Maggie and Glen ride back to camp and Maggie is irate. She yells that they are not Lori’s little errand boys, but, here: here is your conditioner and your Soap Opera Digest and your abortion pills. Maggie is so angry, she simply has to make out with Glen. She hates that Glen is so smart and such a good leader and his people only use him as zombie bait and for running into town to pick up abortion pills.
Lori apologizes to Glen for making him her bitch. Glen insists that he was the one who offered to go into town, and besides, he always comes back safe. He asks if the morning-after pills will actually work. Lori isn’t sure. Surprise! Glen also picked up prenatal vitamins in case Lori changes her mind. Now Lori has a super big decision to make. Glen suggests that she tell her husband about the fact that she is either aborting or keeping their baby. That would probably be a nice thing to do.
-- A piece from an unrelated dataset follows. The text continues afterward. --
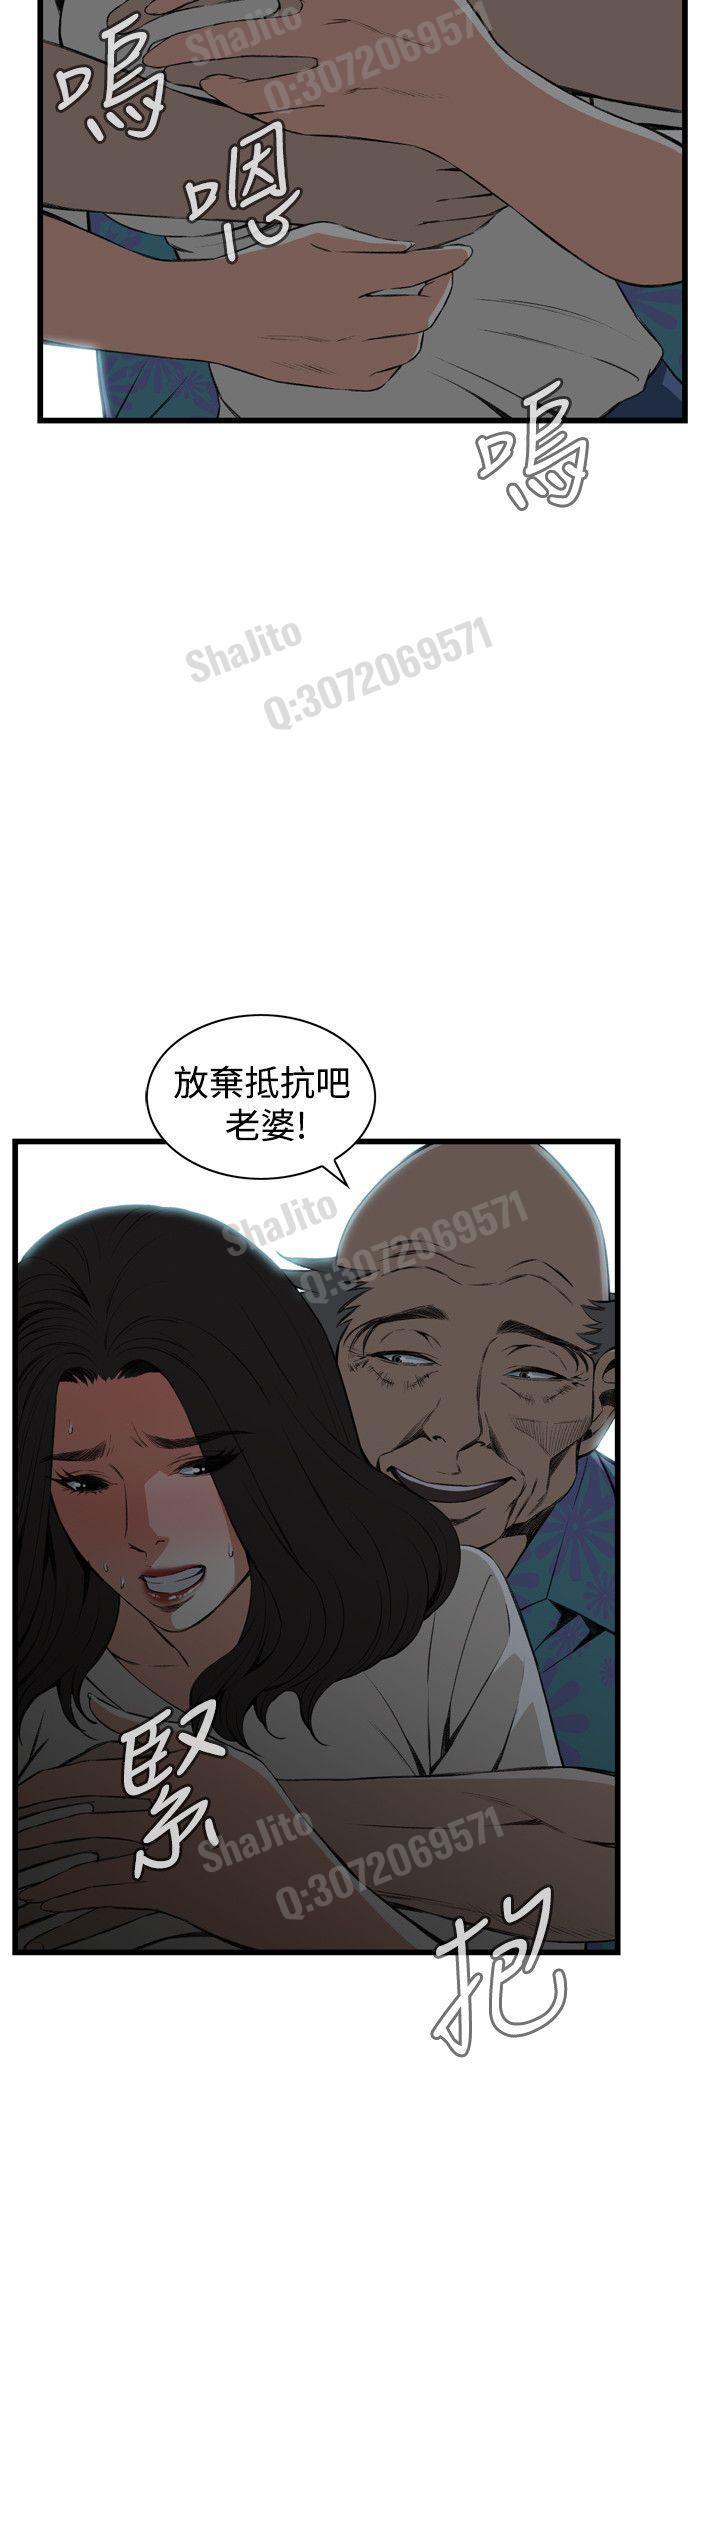 Take a peek 偷窥67-69 Chinese 4

Shane and Smugface Andrea flee the zombies in their shiny car, and Andrea is totally hepped up on zombie-slaughter. She grabs Shane’s crotch, and they stop the car in the middle of the road to have car sex. One would think they would at least pull over and make sure that they were hidden from marauding zombies, but, hey, a crotch-grab in a car means it’s time for instant gratification.
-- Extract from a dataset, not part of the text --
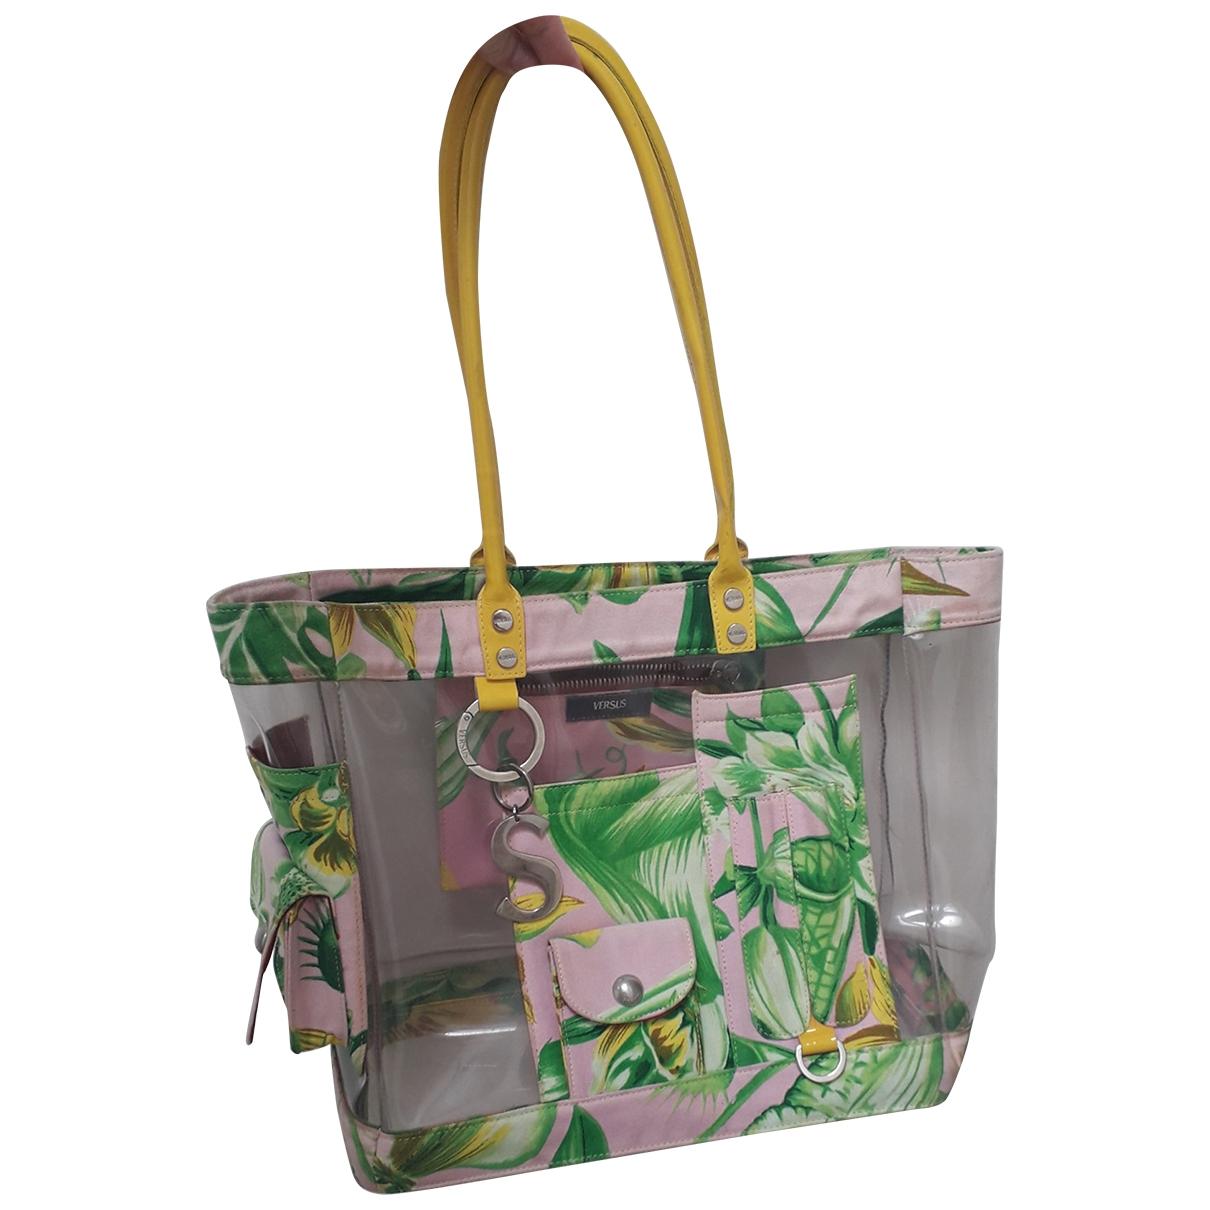 Versus \N Multicolour handbag for Women \N

Back at camp, Lori freaks out and eats all of the morning-after pills. Every single one. Once I took a double dose of antibiotics and I threw up in the garbage can under my desk, so I can only imagine how dreadful she feels after taking every single morning-after pill left in existence. She runs outside and sticks her finger down her throat to vomit up the pills. Good choice, Lori! The pills are gone and now you are pregnant and you have to deal with that. No more options for you, Lori! Perhaps you should have thought this through.
Shane and Smugface return to camp and Uncle Dale totally smells sex all over them. He threatens Shane and tells him that he knows about his sexytimes with Lori and how he aimed his gun at Sheriff Rick that one time in the woods. Shane gets all puffed up and says that he loves Rick like his brother, and if he’s the type of guy who would shoot his brother than imagine what he would do to an old man in a fisherman’s hat who starts accusing him of shit and telling him to leave. Oh boy. The zombies are not enough of a threat to the Still Alives! They have to hate each other, too! Good job, humanity!
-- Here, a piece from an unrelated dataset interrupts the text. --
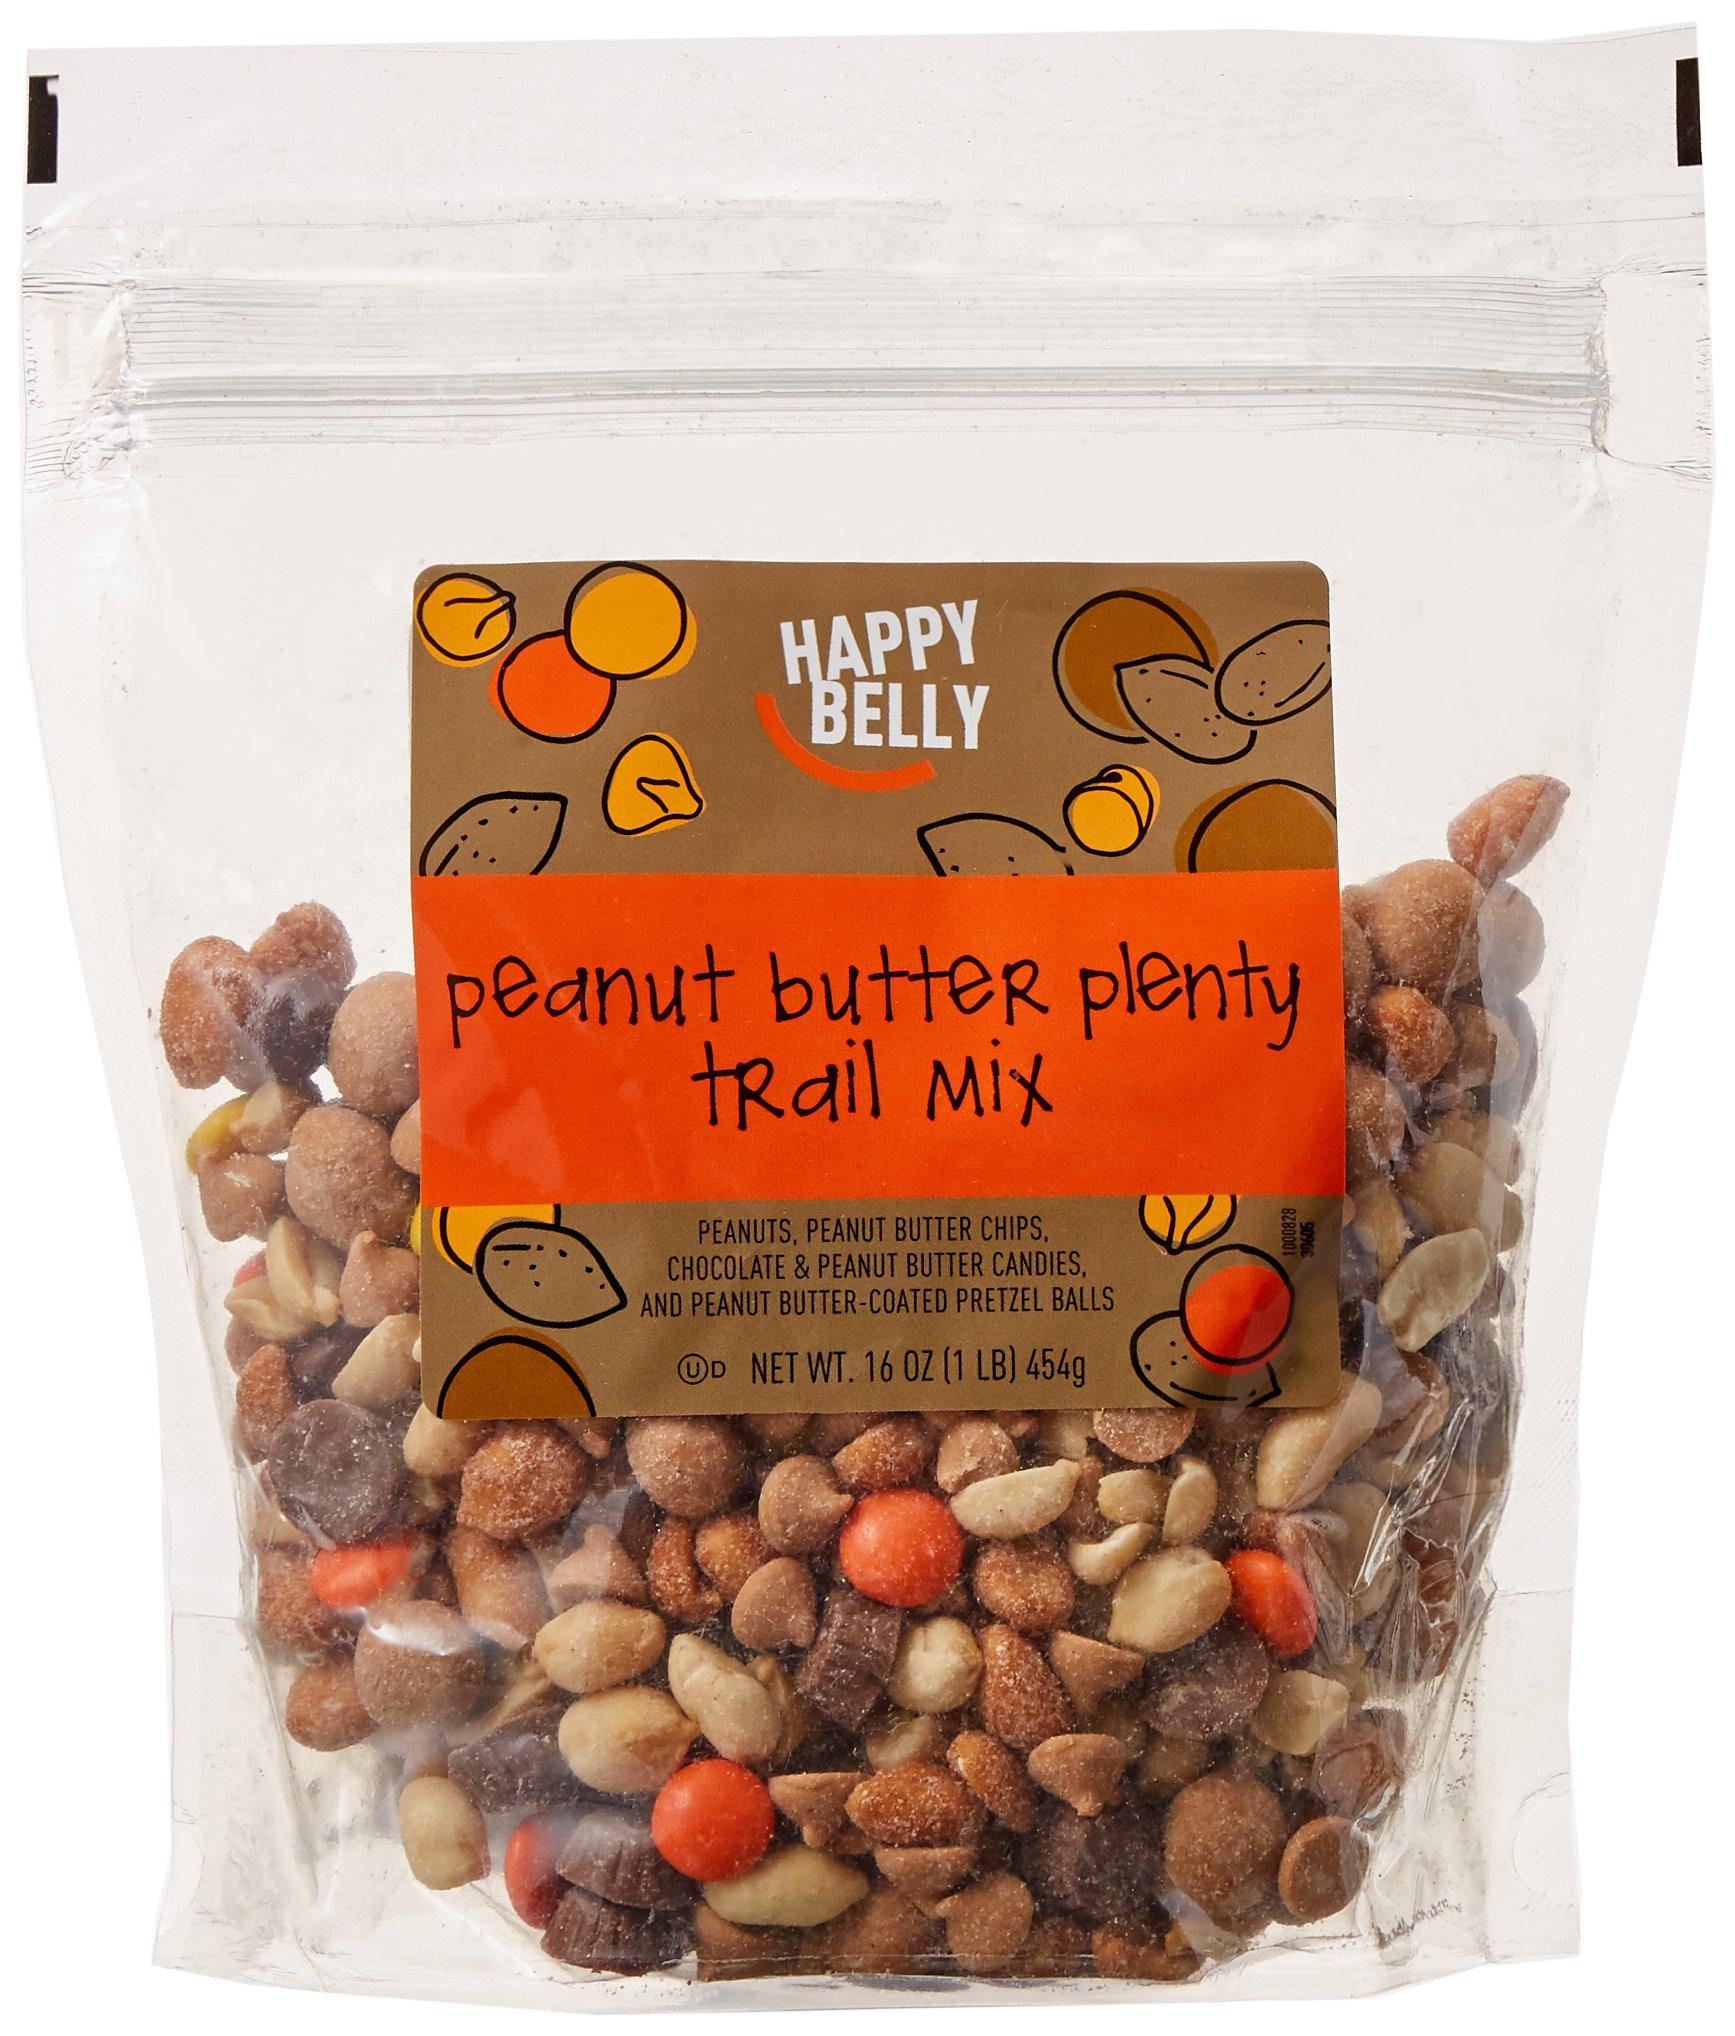 Amazon Brand - Happy Belly Peanut Butter Plenty Trail Mix, 16 ounce

Sheriff Rick goes looking for Lori and sees all the empty morning-after pill packets. He makes a big, stupid duhhhhh face. He finds Lori having a breakdown. She tells him that she’s pregnant and she threw up those pills and she’s terrified that they’ll have to leave the Greene Farm. Remember that flashback where Lori was pissed that Rick never yells at her? He finally screams at her, pissed off that Glen knew about the fetus before he did and how they can’t keep secrets from each other anymore. (Seeecrets.) Lori doesn’t want to have a baby in a ditch and she knows that every time the baby cries, they’ll be in zombie-danger. Rick just wants to be able to make this decision with her. Finally, he announces, “I can’t live like this anymore. Is there anything else I should know about?” Lori shoots him a side-eye, and finally stammers, “Shane and I …”
Rick knows that Lori and Shane were boffing. He figured it out. But he wants to know that’s because Lori thought he was dead. You thought he was dead, right, Lori? Right, Lori? Huh? Huh? Huh?
Humans: Sophia is still missing. Yawnsville.
Zombies: One ex-pharmacist is dead. The barn is filled with People Sick With Zombie Disease.